L’ISPF a publié les résultats de son enquête l’emploi menée en juin 2019. Bien avant la crise sanitaire, donc alors que l’économie paraissait avoir retrouvé tout son dynamisme. Et pourtant, les chiffres de l’emploi sont, eux, très nuancés, avec un taux d’activité en baisse. 

« La crise sanitaire a brutalement entravé l’élan prometteur de 2019« . C’est ce que déclarait Édouard Fritch début décembre, en introduction d’un débat budgétaire marqué par les conséquences du Covid. La pandémie a certes mis un terme à une période de « dynamisme économique » mais le marché du travail, lui, ne l’avait pas attendu pour se dégrader. C’est ce que révèle l’enquête emploi 2019 dont les résultats viennent d’être publiés par l’ISPF.

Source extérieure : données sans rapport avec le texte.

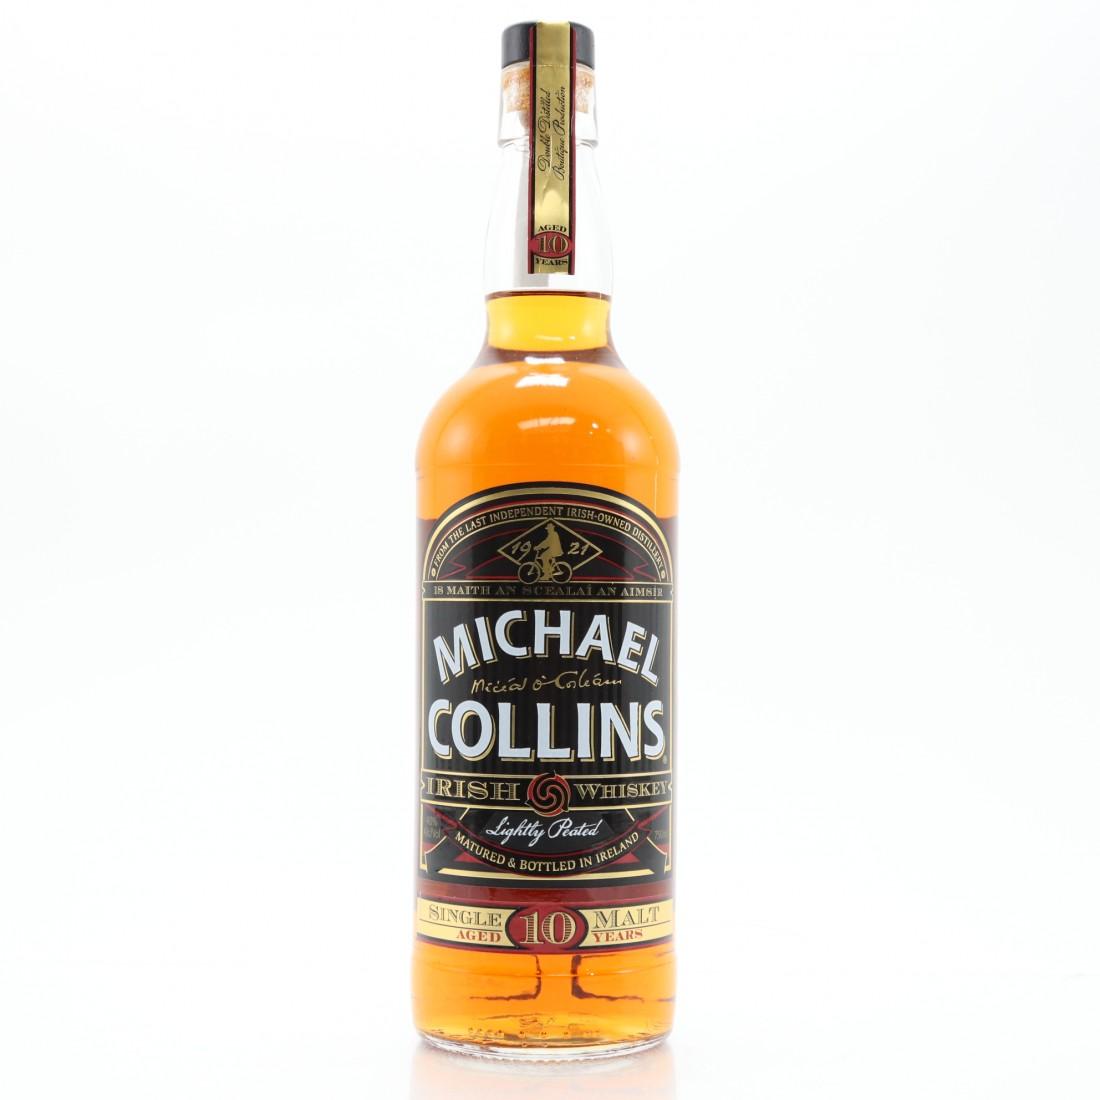 Michael Collins 10 Year Old Lightly Peated Single Malt Irish Whiskey
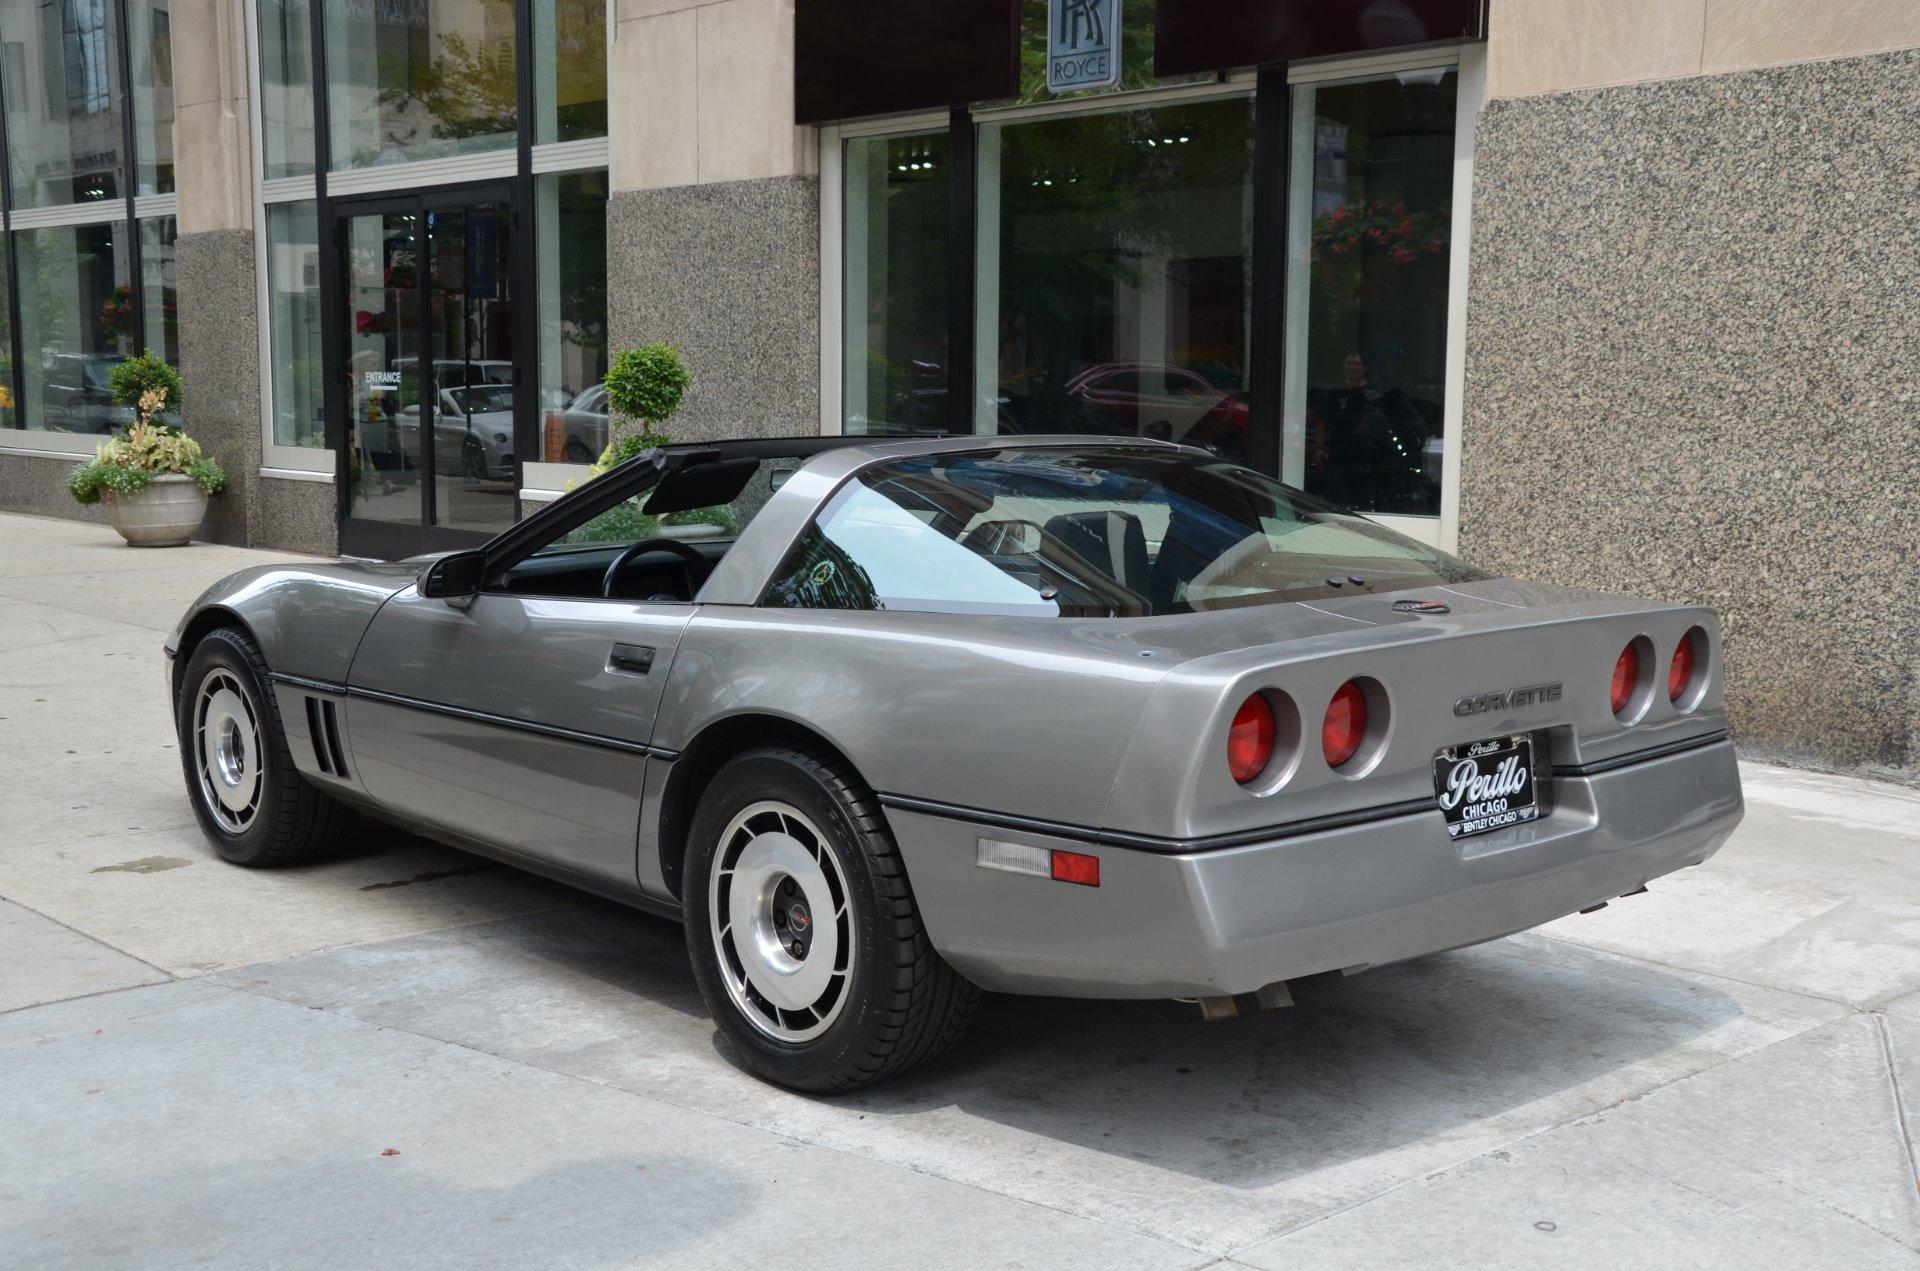 Kelebihan Kekurangan Corvette 1984 Murah Berkualitas

Des chômeurs qui s’éloignent de plus en plus de l’emploi

Lors de cette étude, menée sur le terrain il y a un an et demi, l’Institut de la statistique a dénombré 14 000 chômeurs. Le taux de chômage parait donc aller dans le bon sens : 12,8% des actifs en 2019 contre 14,5% l’année précédente. Sauf qu’à ces chômeurs « disponibles » et en « recherche active » s’ajoutent 20 800 personnes qui « souhaitent travailler » mais qui ne remplissent pas ces critères internationaux de définition d’un « chômeur ». Et ce « halo du chômage », particulièrement marqué en Polynésie, a, lui, tendance à s’élargir : le taux d’activité, calculé à 60,6% de la population adulte en 2018, est tombé à 59,6% lors de cette dernière enquête. Moins de chômeurs, plus d’inactifs, et un taux d’emploi au final stable… En clair : beaucoup de chômeurs – plus d’un millier – ont disparu non pas parce qu’ils ont trouvé un emploi, mais parce qu’ils s’en sont « éloignés ». « Soit parce qu’ils ne sont plus disponibles, soit parce qu’ils sont découragés de trouver un emploi, parce qu’ils ont cherché longtemps et qu’ils n’en ont pas trouvé », précise Jérémie Torterat, conseiller technique à l’ISPF.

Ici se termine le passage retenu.